Lorsque Trotsky appose finalement le 25 septembre sa propre signature au bas de la déclaration de Rakovsky qu'il vient seulement de recevoir, il peut écrire à la fois qu'il est d'accord avec son contenu politique et qu'elle appartient déjà à un passé révolu. Commentant les événements des derniers mois sur la base de la correspondance d'U.R.S.S., Isaac Deutscher estime que le coup porté à l'Opposition a été rude : de huit mille membres ‑ soit deux fois plus qu'au temps de sa semi‑légalité dans le parti courant 1927 ‑ qu'elle comptait en déportation au début de 1929, l’Opposition serait tombée à la fin de la même année à un peu plus de mille partisans seulement [8]. Trotsky, lui, écrit à ses camarades que, même s'ils ne restaient que trois, l'essentiel est que subsistent le drapeau, le programme, l'avenir.

La crise politique de l'Opposition est terminée bien que les débats se poursuivent et que quelques capitulations isolées viennent s'ajouter à la longue liste de 1929. Ses épreuves ne le sont pas.
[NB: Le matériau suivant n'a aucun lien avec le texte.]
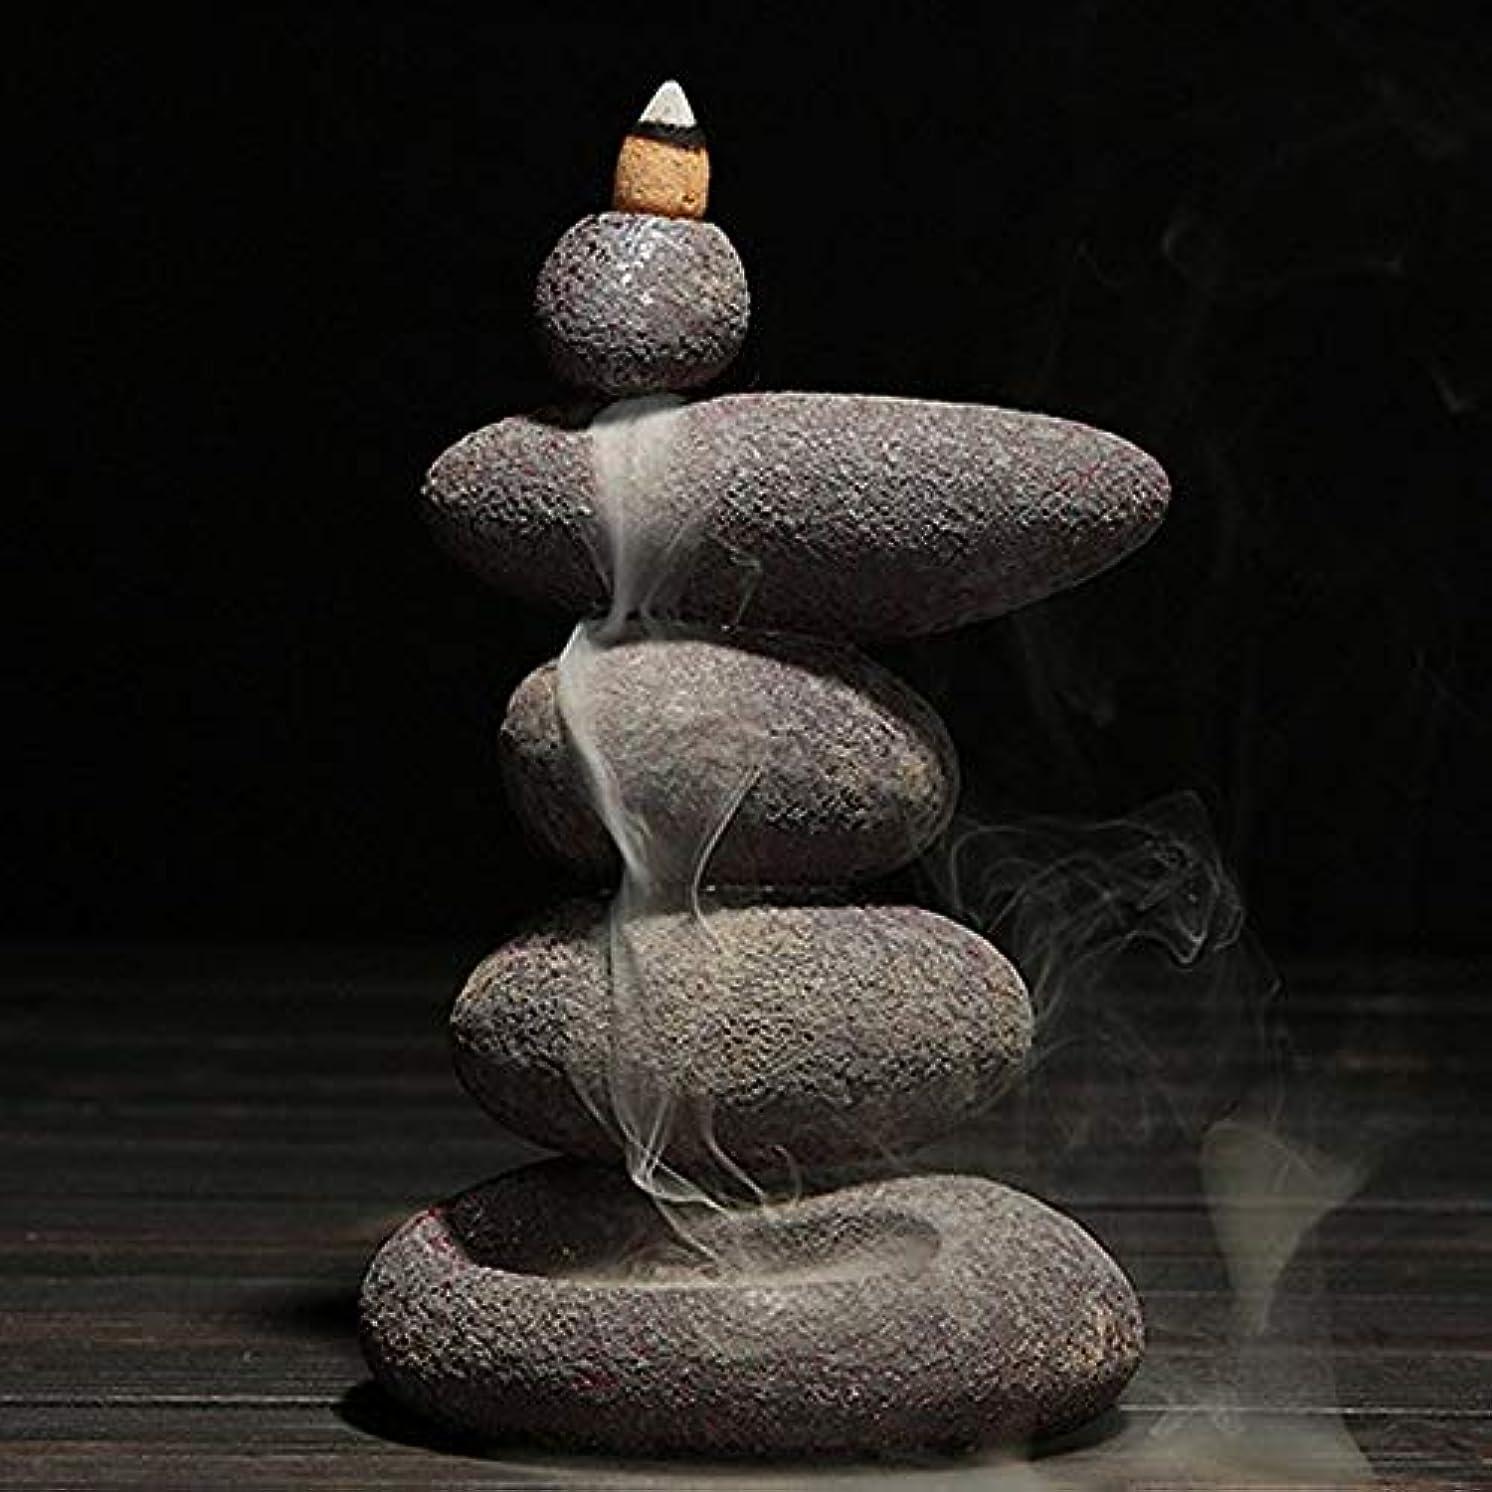 レーニン主義合体救出お香 20個入り セラミック 香炉 逆流香 装飾レトロ 禅 仏教 アロマ リラクゼーション

Après que Radek et ses compagnons ont tracé entre l'Opposition et la fraction stalinienne au pouvoir le trait de l'abjection, Staline, lui, va tracer un trait de sang.


Notes

[1] Bibliothèque du Collège de Harvard, T 3721. Parmi les premiers textes d'exil, mentionnons « La crise du bloc centre‑droite » (20 mars), la « Lettre aux ouvriers d'U.R.S.S. » (27 mars).

[2] Bibliothèque du Collège de Harvard, T 15264.

[3] Le récit de cette rencontre sera publié dans le n° 7 des Cahiers Léon Trotsky.

[4] Ivan N. Smirnov (1881‑1936), fils de paysans, membre du parti en 1899, cheminot, puis mécanicien, avait été un des organisateurs du parti avant guerre, dirigeant de la révolution de février à Tomsk, d'octobre à Moscou. Membre du conseil militaire révolutionnaire, chef de la 5° armée, membre du comité révolutionnaire de Sibérie, il avait été surnommé par Lénine « la conscience du parti ». Il était entré dans l'Opposition en 1923 alors qu'il était commissaire du peuple aux postes et télégraphes. Il était connu pour son tempérament conciliateur. Aleksandr G. Beloborodov (1891‑ 1938), fils d'ouvriers, électricien, membre du parti en 1907, dirigeant des bolcheviks de l'Oural, avait endossé en 1918 la responsabilité de l'exécution sommaire du tsar et de sa famille. Il était également membre de l'Opposition depuis 1923. Sergei V. Mratchkovsky (1888‑1936), né en prison, bolchevik en 1907, chef de partisans pendant la guerre civile, puis commandant de district militaire, avait rejoint l'Opposition de gauche en 1923. Il avait été arrêté et. exclu du parti en 1927 pour l'affaire de l'imprimerie clandestine.

[5] Lev Kopelev,, No Jail for Thought (1977), p. 108‑109.

[6] Cf. documents, pp. 78‑86. Pour V. V. Kossior et M. N. Okoudjava, cf. p. 29.

[7] Cf. documents, pp. 87‑89.

[8] I. Deutscher, Le prophète hors la loi, p. 122.